=== INFORMATION SUPPLIED ===

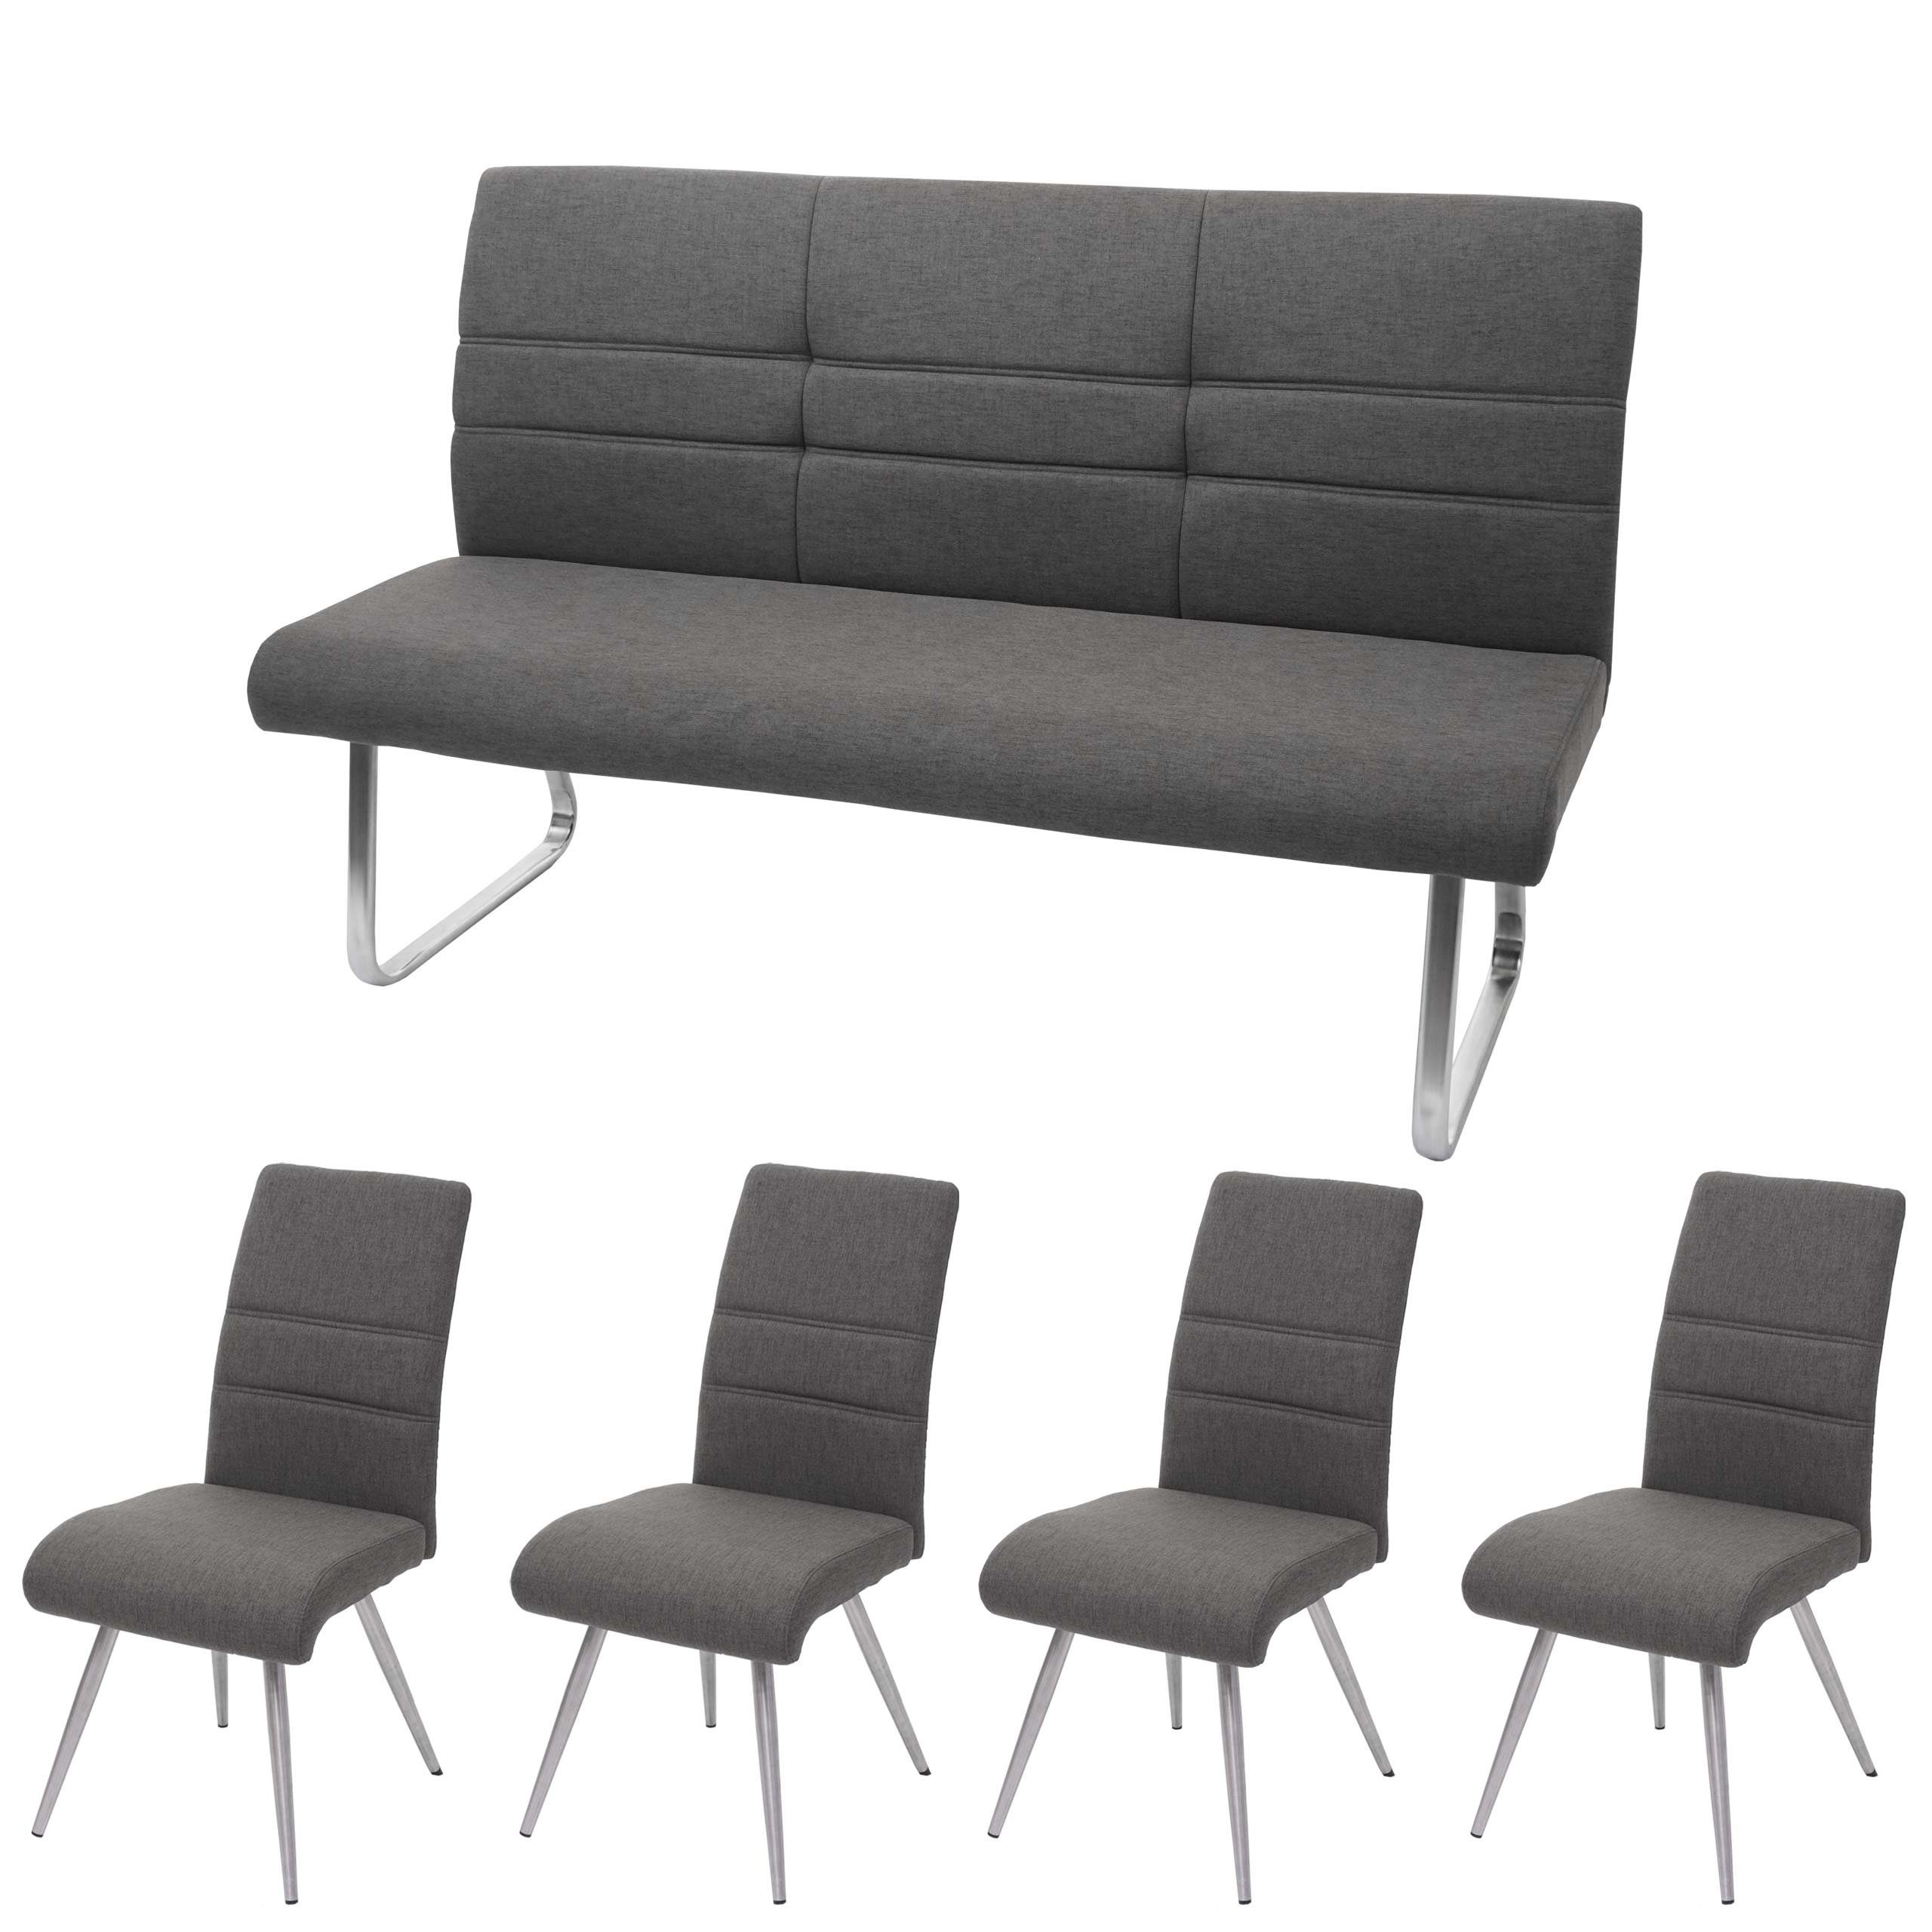 MCW Esszimmerstuhl MCW-G55-2 (Stühle ohne Armlehne, 4 St), 4er-Set, inklusive 3-Sitzer Bank, abgerundete Ecken, Fußbodenschoner
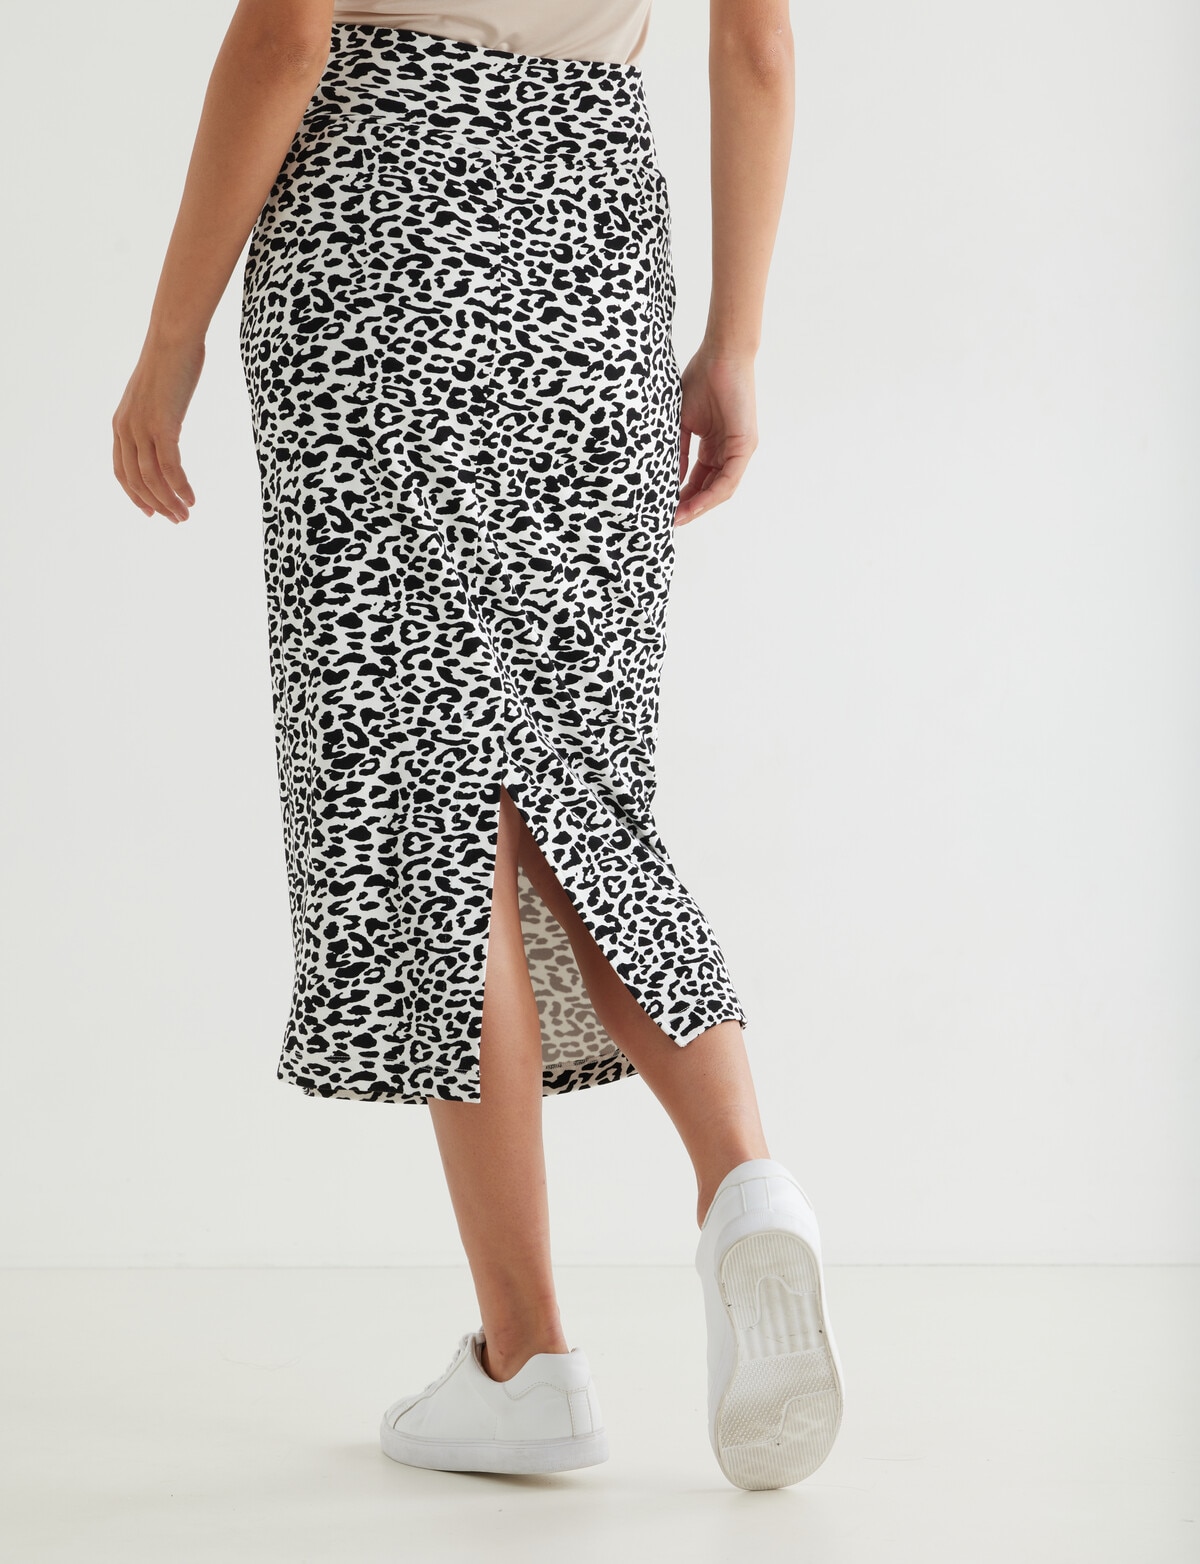 Whistle Leopard Pull-On Tube Skirt, White & Black - Skirts
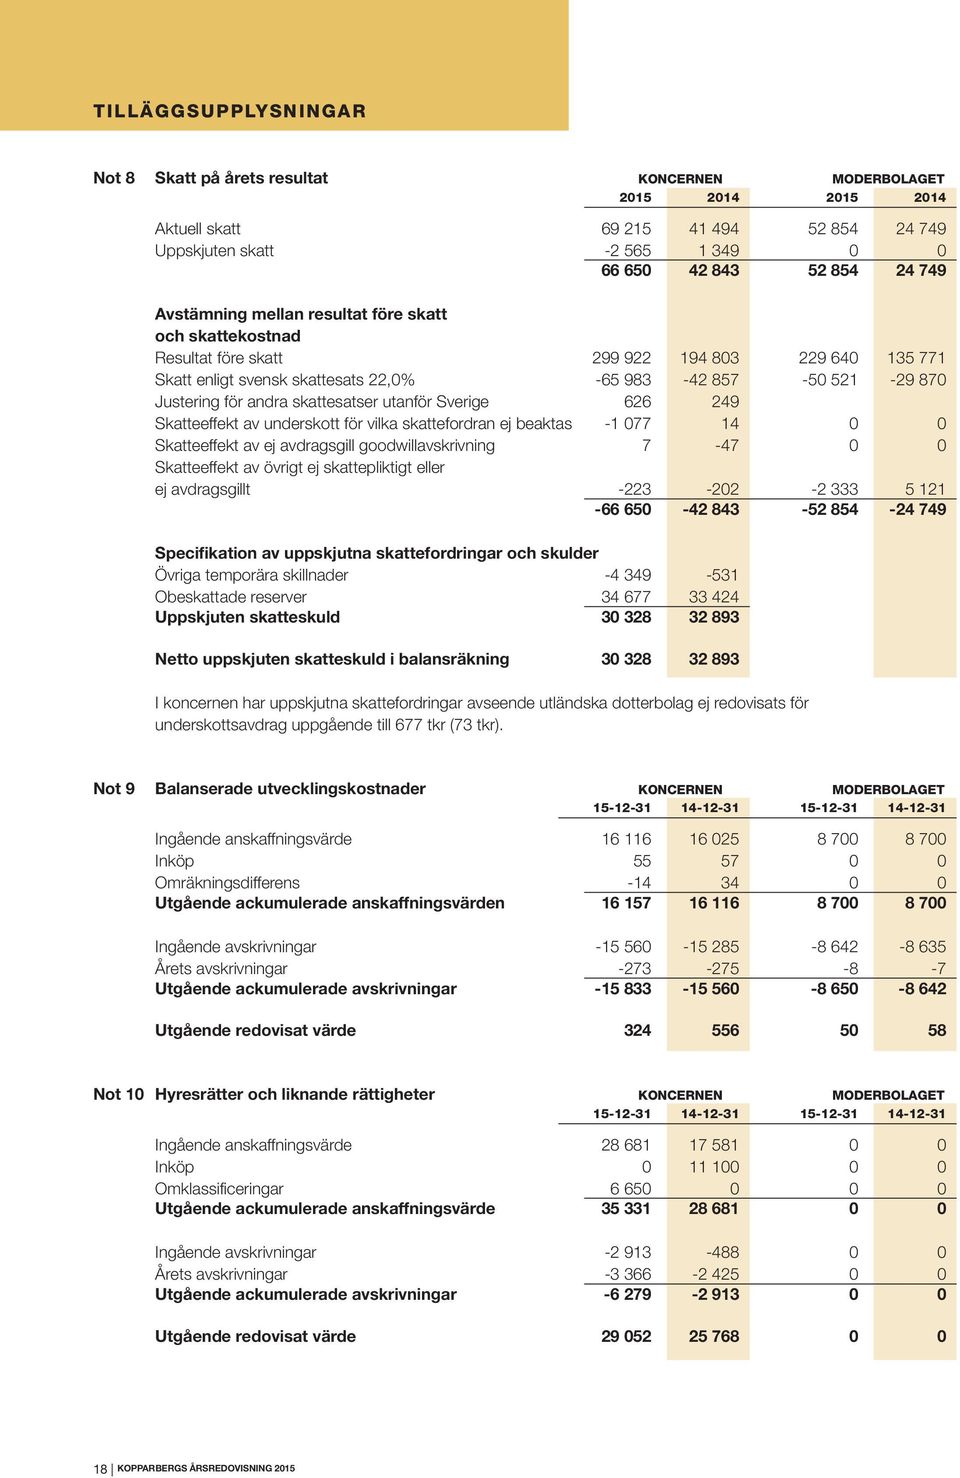 skattesatser utanför Sverige 626 249 Skatteeffekt av underskott för vilka skattefordran ej beaktas -1 077 14 0 0 Skatteeffekt av ej avdragsgill goodwillavskrivning 7-47 0 0 Skatteeffekt av övrigt ej

===

PROBLEM DESCRIPTION
Nothing but the lines from the beginning of the material above through the line containing "Whistle Leopard Pull-On" should appear in the answer, copied exactly and free of pictures.

ANSWER TO THIS PROBLEM
 MCW Esszimmerstuhl MCW-G55-2 (Stühle ohne Armlehne, 4 St), 4er-Set, inklusive 3-Sitzer Bank, abgerundete Ecken, Fußbodenschoner
 Whistle Leopard Pull-On Tube Skirt, White & Black - Skirts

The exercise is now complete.